There is no job like being a schoolteacher.
You could read the above in one of three ways. You could assume a tone of complaint said at the end of a long day as one falls exhausted onto a couch. Or you could use this statement as a way to recruit young men and women into the school of education at a University. You can also read it simply as a statement of fact.
And that is how I would like for you to read it.
Because it’s true.
Teaching Is Unique
In my adult life I’ve had a few different kinds of jobs. I’ve worked for a car rental company and a bank. I worked in a library and did landscaping during grad school. I have worked in churches, written a book and countless articles, and now I have a private counseling practice.
Oh, and I have been a teacher.
And there is no job like it.
Why do I say this?
Think with me for a moment. If you are teaching five classes a day and in each class is 25 students, that means for five days a week you are personally dealing with 125 lives. And this does not include the students who are in clubs you might lead and teams you coach.
I don’t know of another job where this level of interaction happens.
It’s not just the numbers. The nature of the job is different too. You have to know a good bit of information and you must transfer that information into young minds, whose brains are not yet fully formed, test them on it, and then evaluate what they know.
All that to say, teaching is hard, even when it’s going well.
Teaching is Uniquely Hard
Now keep in mind that I have only described the job as neutrally as possible. As with every job, our limitations and the limitations of the people we work with are variables and therefore part of the equation.
You must deal with young people who for the most part would never choose to be there. They are not interested in Shakespeare, direct objects, pi, the narrative arc of a story, or the genus of a species. They are not willing participants. Inevitably, some are discipline problems.
Also, in every classroom, you have kids dealing with hard situations: divorce, eating disorders, substance abuse, poverty (wealth?), high expectations from their parents, bullying, and loneliness.
You also must manage the expectations of students, parents, fellow teachers, and administrators. Plus, there is the endless paperwork for 504 plans and IEPs and grading and entering grades…
You have a life too, by the way. And it does not stop so you can teach. Teachers also have marriage problems and discipline problems with their own kids. Teachers get cancer too and still have to get up and teach first graders how to sing “The Vowels on the Bus” with a smile on their face.
Teaching is not just unique. It is also uniquely hard. And you need to know this if only so you do not go crazy wondering if it’s just you.
It’s not just you.
This would all be distressing except for one undeniable fact – teaching has the potential to be uniquely meaningful.
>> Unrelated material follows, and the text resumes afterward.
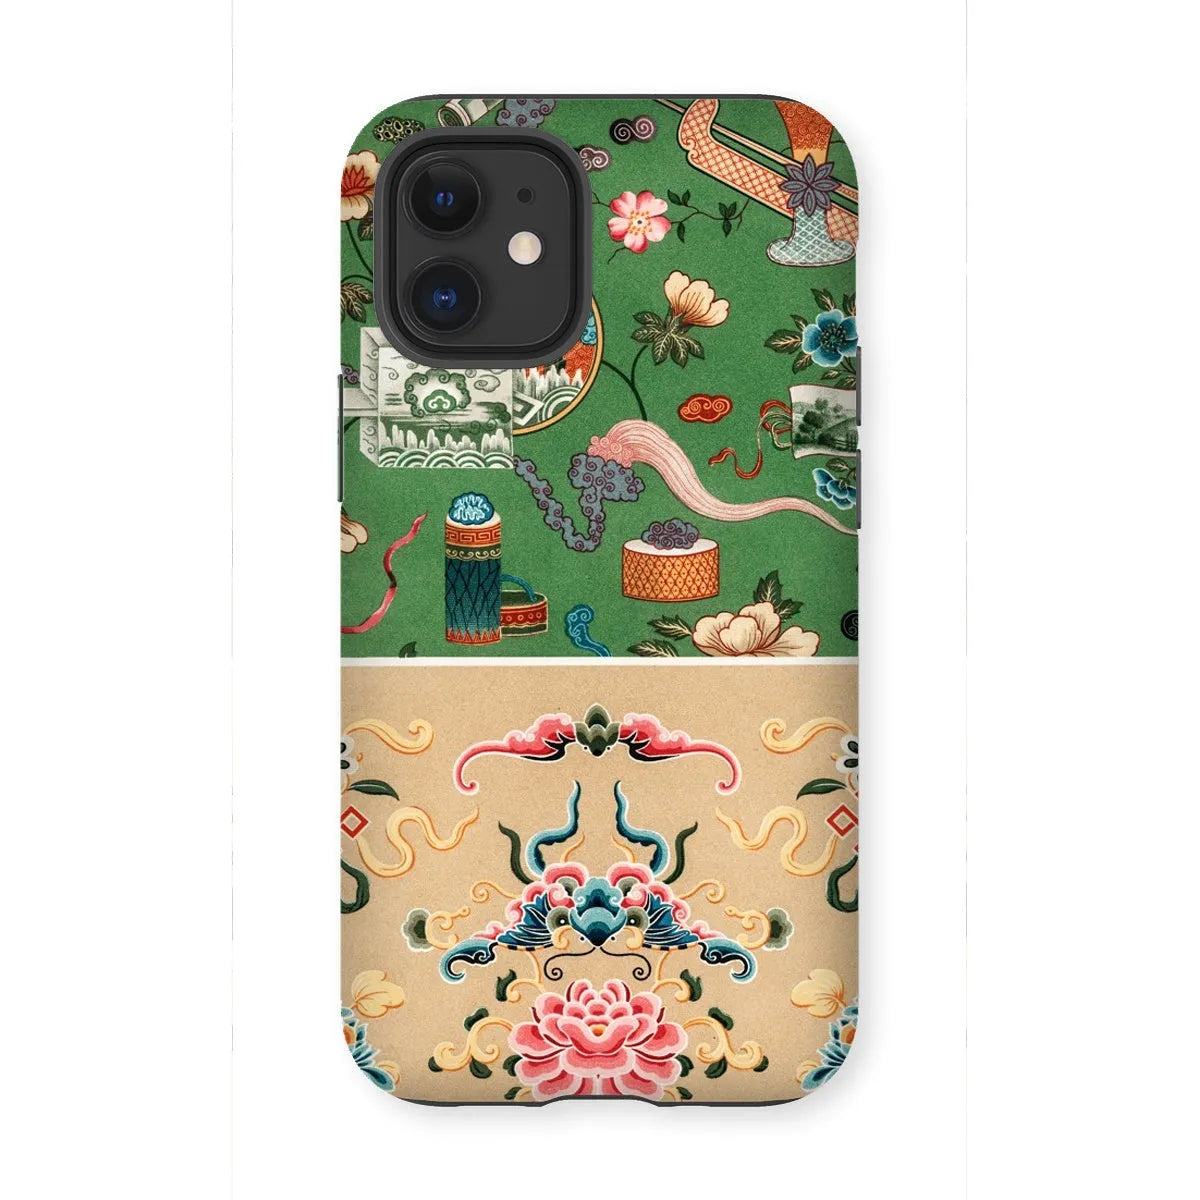 This Chinese Pattern By Auguste Racinet Tough Phone Case - Iphone 12 Mini / Matte - Mobile Phone Cases - Aesthetic Art

The reality of how hard teaching is points to the glorious potential for meaningfulness.
We could talk at great length about the philosophical and psychological underpinnings for this logic, but instead, how about a story?
Imagine a young boy sitting in his fifth-grade language arts class when his teacher announces everyone (even the boys) will have to memorize a poem and then recite it. His first reaction? “Poetry is for girls!” As he stands outside in the hall with his teacher, he expects doom. But his teacher instead gives him a copy of Where The Sidewalk Ends. He reads it. And then he reads it again.
This boy begins to think there may be something to this poetry thing.
In sixth grade, he is asked to write a metaphor by his teacher, who is famous for taking off her shoes and throwing them at students who did not pay attention and talked to their seatmates instead. He looks out the window into the trees and watches “a leaf fall like a paratrooper into enemy territory.” From that moment words became like gold and silver and precious gems.
He was good at similes too.
By eighth grade, he is writing poetry and fills his first of a dozen notebooks.
In high school, he reads Canterbury Tales and Shakespeare and though everyone made better grades than he did, he secretly relished the memorization and held (holds!) those lines the way the hungry hold bread.
He skated through college and grad school because he could write.
And then he wrote articles and eventually had a book published.
He collects poetry books now and his life is richer because of this love.
You see, all the work of those teachers was uniquely hard because that young boy wanted to be playing baseball and football instead. But it was meaningful because they drew out of him something more valuable than money. And for that, I will always be thankful.